# Task brief:
What you should give back is a precise copy of the lines below from the one containing "Bild uppifrån på" through the one containing "John I Dent", with no pictures.

# Data supplied:
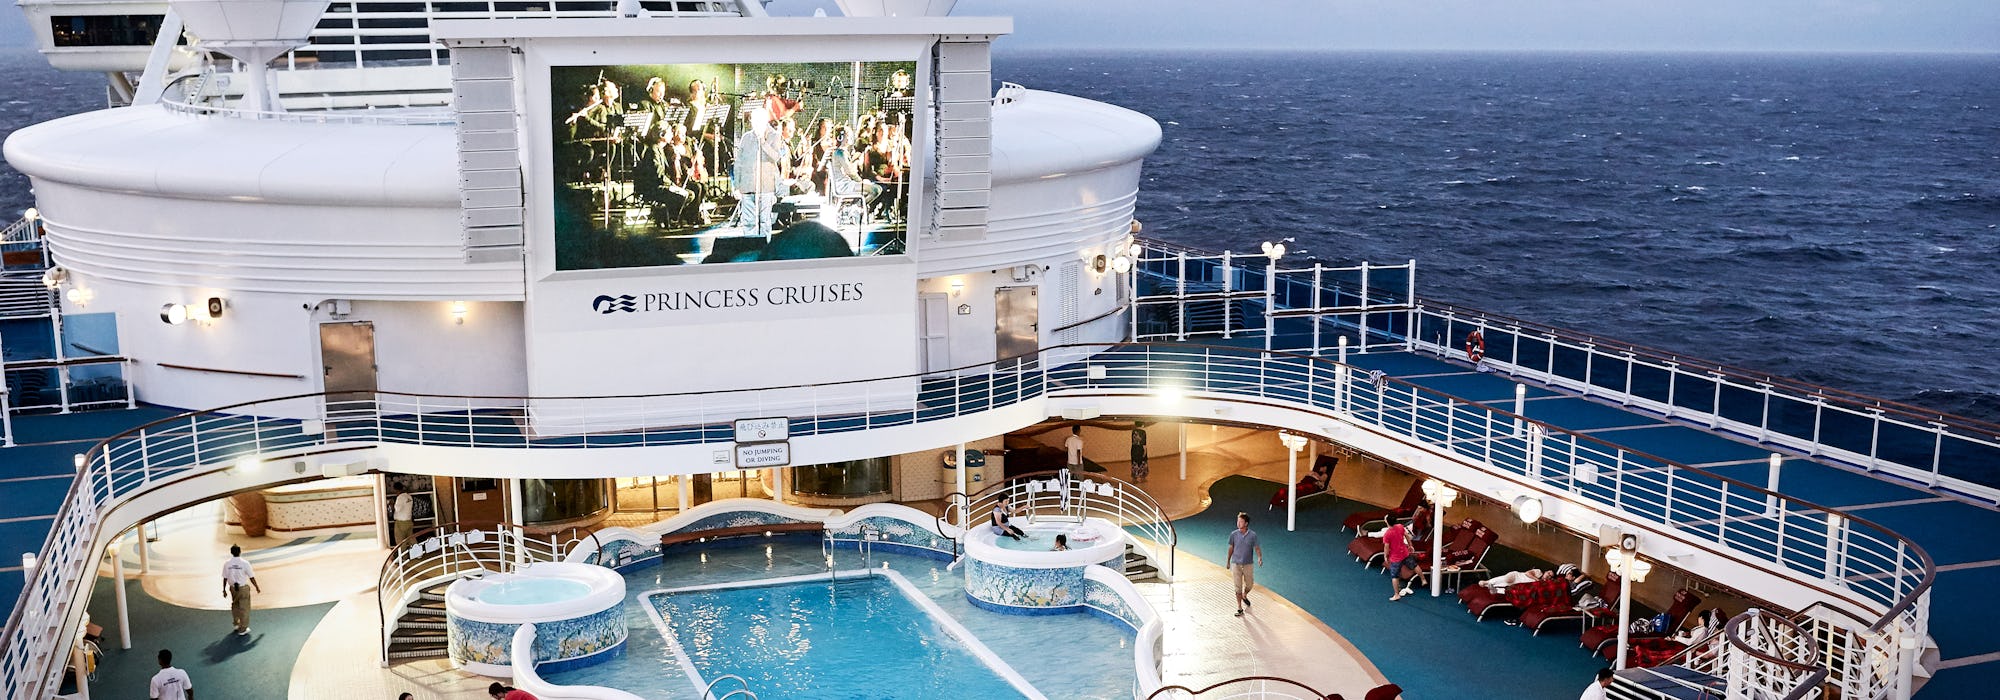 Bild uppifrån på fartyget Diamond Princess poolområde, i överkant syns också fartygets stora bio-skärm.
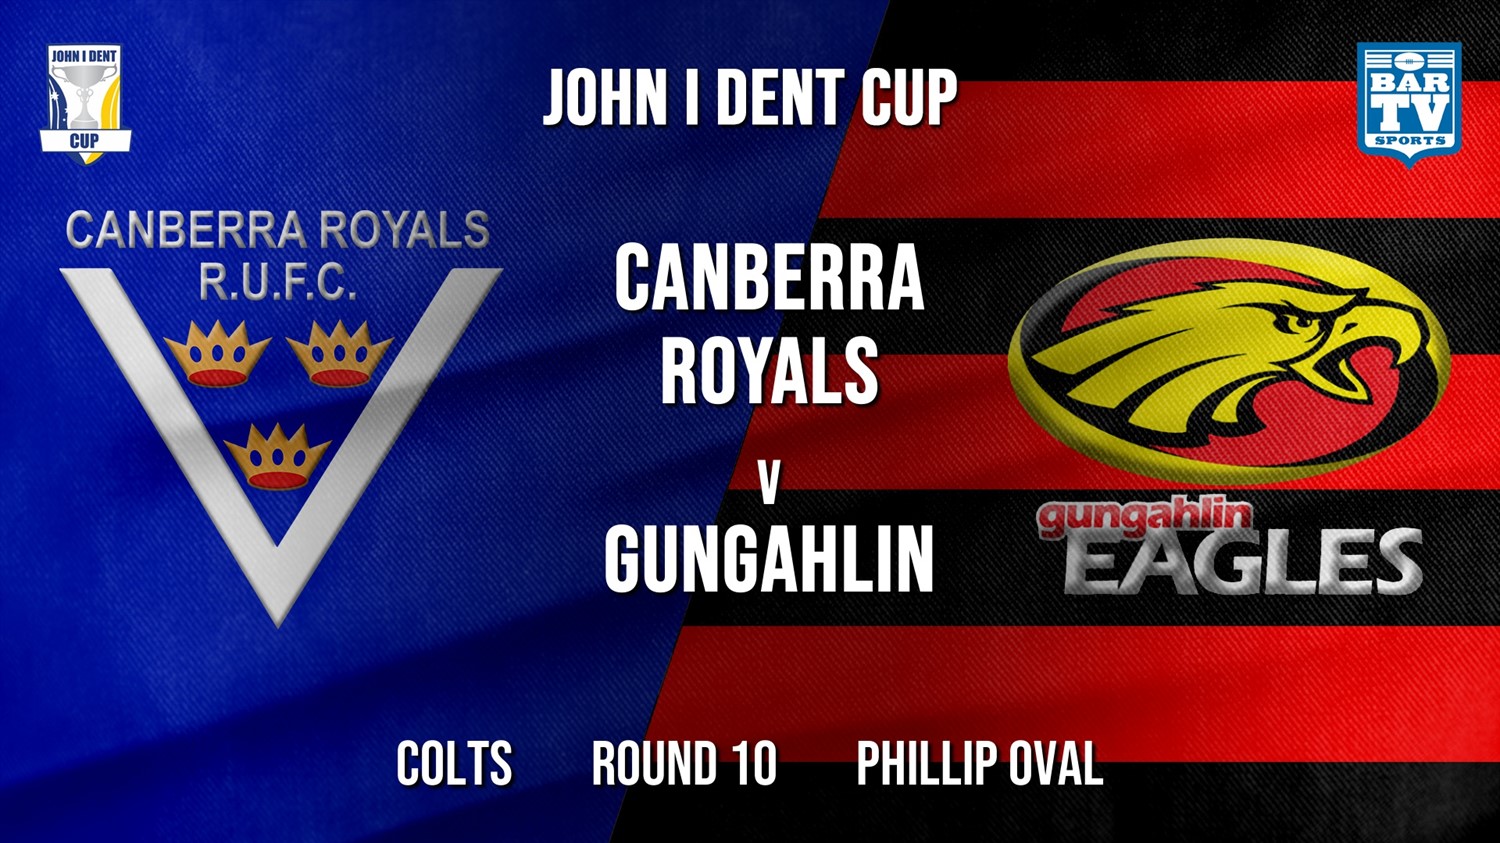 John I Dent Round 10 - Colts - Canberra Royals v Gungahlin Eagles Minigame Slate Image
==
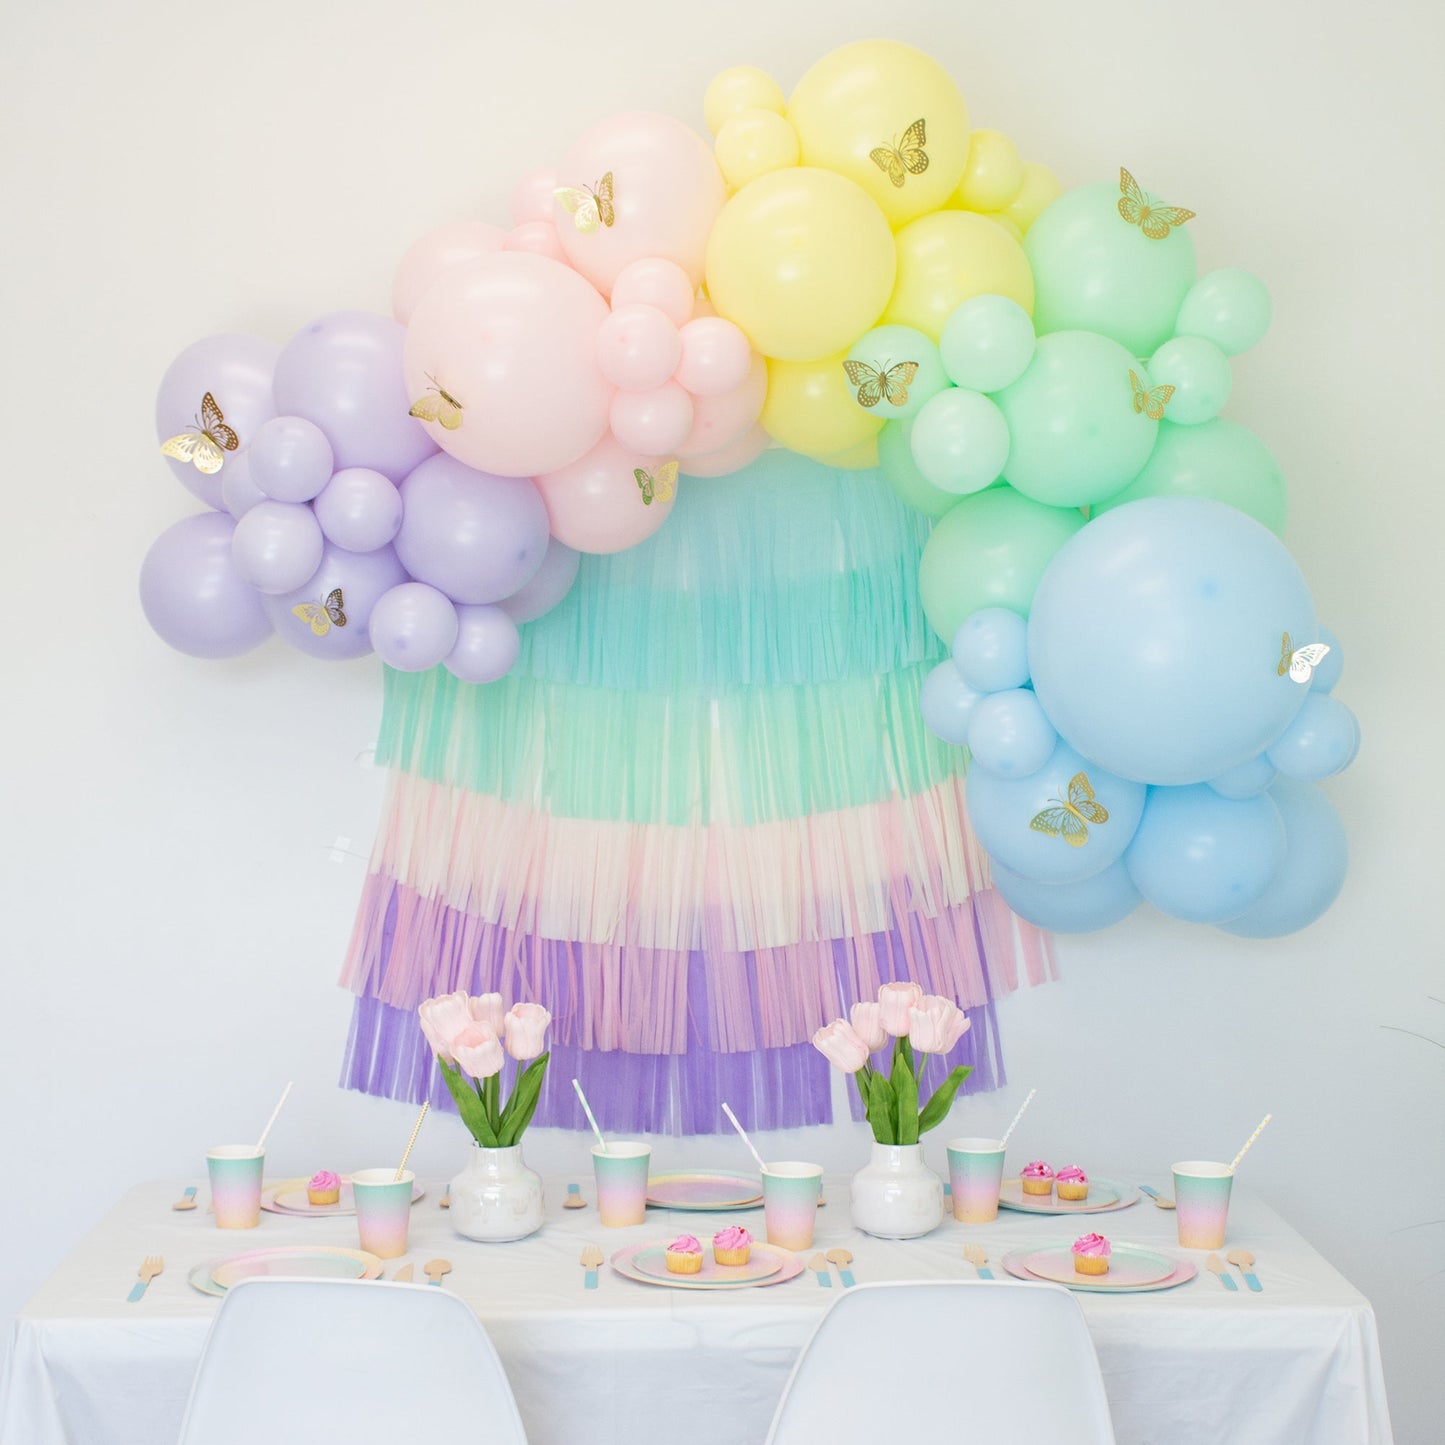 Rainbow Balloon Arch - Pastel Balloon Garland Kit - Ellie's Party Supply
...
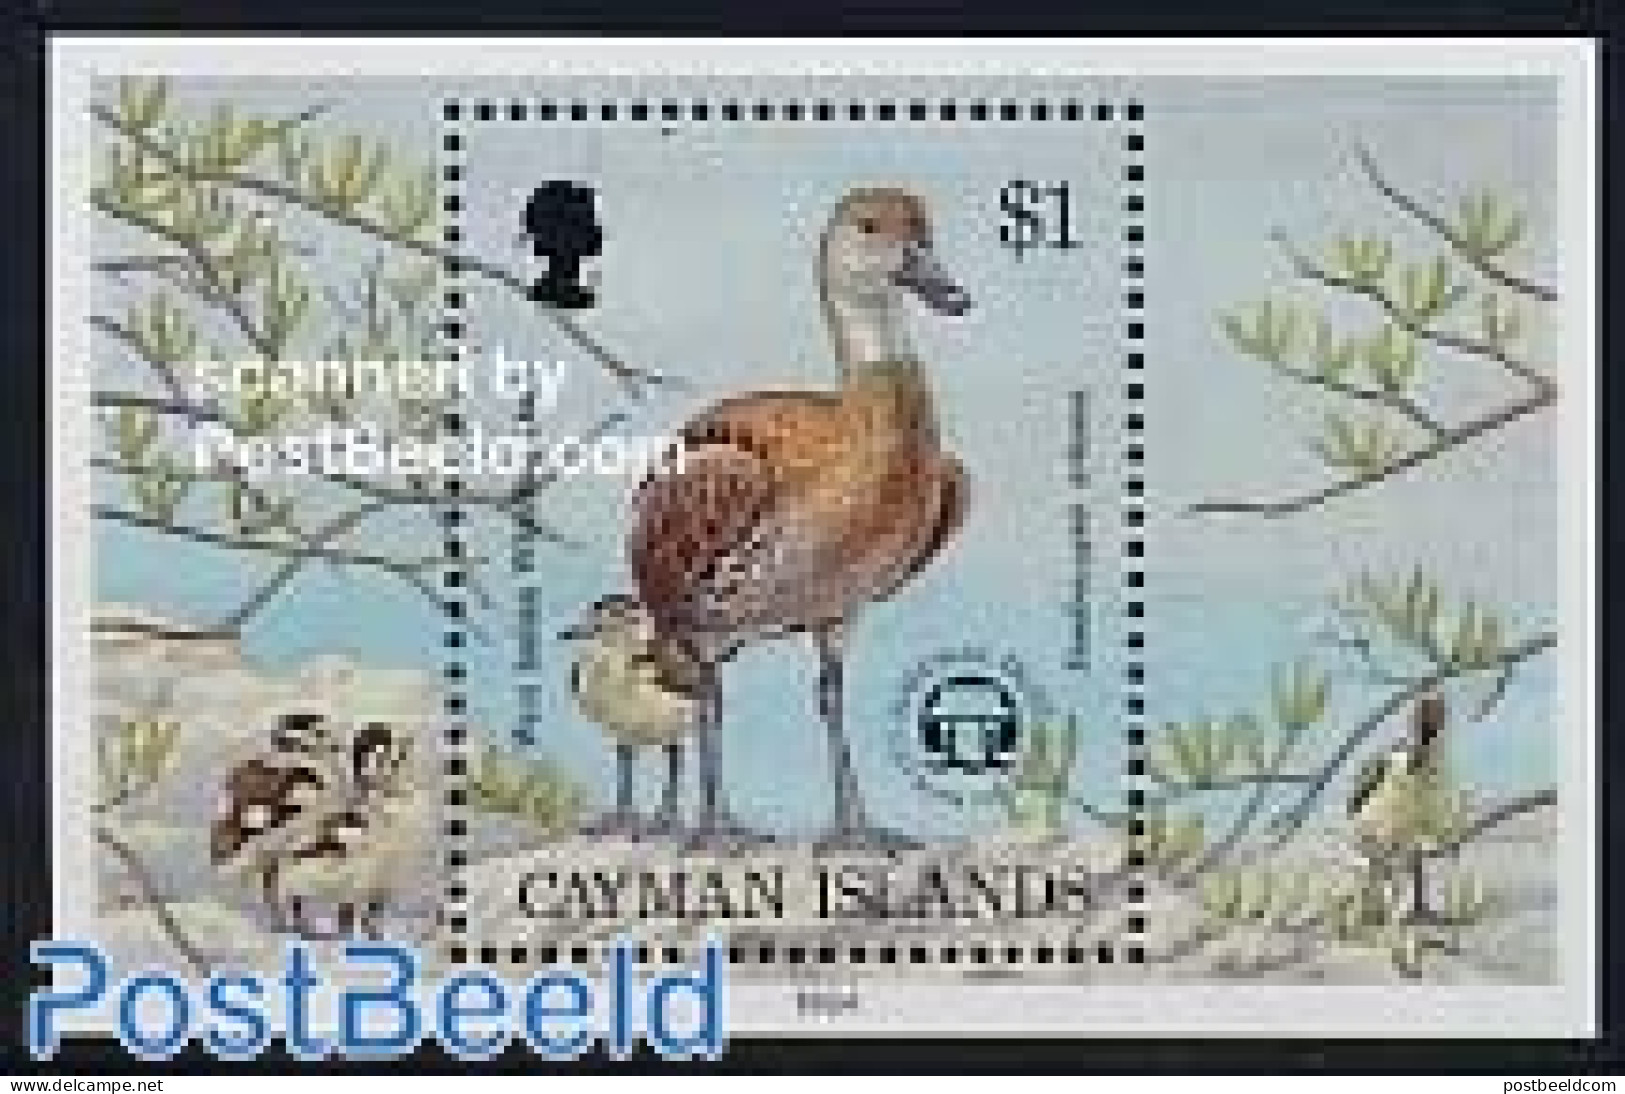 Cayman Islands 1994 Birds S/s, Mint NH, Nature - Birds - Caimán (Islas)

# Written solution:
 Bild uppifrån på fartyget Diamond Princess poolområde, i överkant syns också fartygets stora bio-skärm.
 John I Dent Round 10 - Colts - Canberra Royals v Gungahlin Eagles Minigame Slate Image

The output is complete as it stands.